NavList:
A Community Devoted to the Preservation and Practice of Celestial Navigation and Other Methods of Traditional Wayfinding
From: Peter Fogg
Date: 2007 Oct 5, 20:56 +1000
It's also my
understanding (at least as of a decade ago or so) that most of the long
distance voyagers that still practicing celestial navigation use Ho249
with:
As if it was a question of one or the other, Lu! There are other methods ...
I'm a little bit surprised that so many people, who are in other ways so well informed about matters navigational, seem to think that when it comes to sight reduction then the choice is limited to choosing between HO 249 and HO214.
Quoting from: New Sight Reduction Tables
"The two most popular tabular techniques were using either the DR position or a chosen position; the latter based on an integral degree of latitude and local hour angle. This method required six volumes of tables to cover all possible latitudes ...
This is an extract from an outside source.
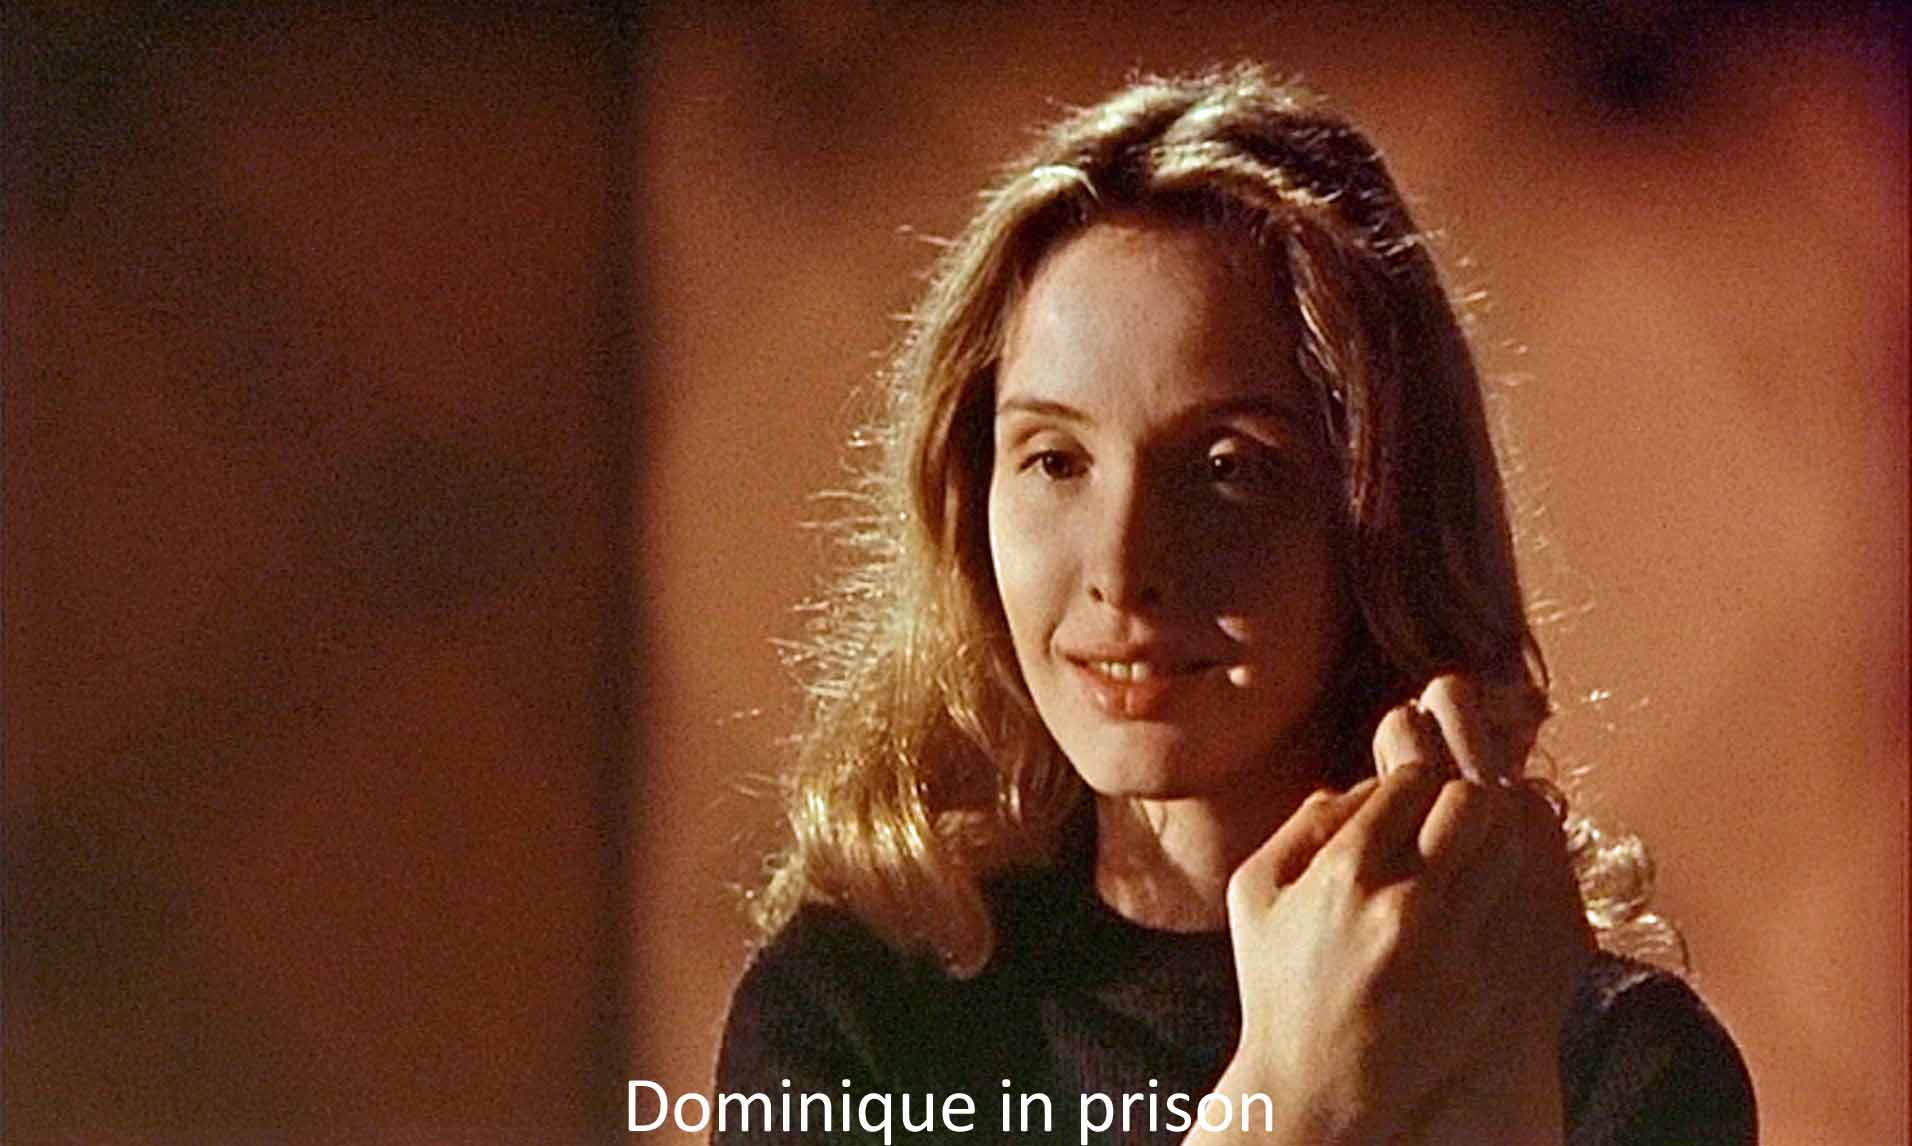 Dominique in prison

On the other hand, tables using the DR position require multiple interpolated entry points. The Ageton Tables (H.O.211) have proved popular and consist of 49 pages of log secants and log cosecants at 0.5 minute intervals. The solution is accomplished in ten steps, with an extra four steps if an azimuth solution is required. Because the DR position is used, the intercepts are usually short, whereas using a chosen position the intercepts are often long and it may not be known until after plotting that a mistake has been made in the sight reduction procedure.
In 1979, P F Pfab of the Honorable Cross-Staff Society of Sweden published his so-called PET Tables (reviewed in the US and British Journals of Navigation) which were based on the cosine-haversine formula, as adapted by Radler de Aquino, but only after a detailed investigation of tabular methods had been made. His analysis took into account such things as accuracy, rules, book openings, DR versus assumed position etc. The PET Tables have been modified and adopted here. They are extremely simple to use."
In this way does the author of The Complete On-Board Celestial Navigator explain the reasoning behind, and the history of, the sight reduction tables contained in his book. They consist there of 20 quarto pages and are tabulated for 1 minute of arc intervals, adequate for the purpose of the book (practical celestial navigation from a small craft).
They would seem to constitute a useful alternative to the HO family.
The latter are freely available on the author's site:
http://gbennett.customer.netspace.net.au/
under:
New Sight Reduction Tables
I find them (the six figure tables) a little more fussy to use, although not much different to the original tables in the book. A table of Proportional Parts and a Sum Search Values is included to assist interpolation. They appear to address the lack of precision of the original tables.
They consist of (or rather, can be printed out as) 20 A4 pages, which I have slid into plastic sleeves between more substantial plastic covers. Hardly one volume, let alone multiple volumes that need replacing at regular intervals ...
The quotes above come from an explanatory note offered with the tables, which includes a worked example.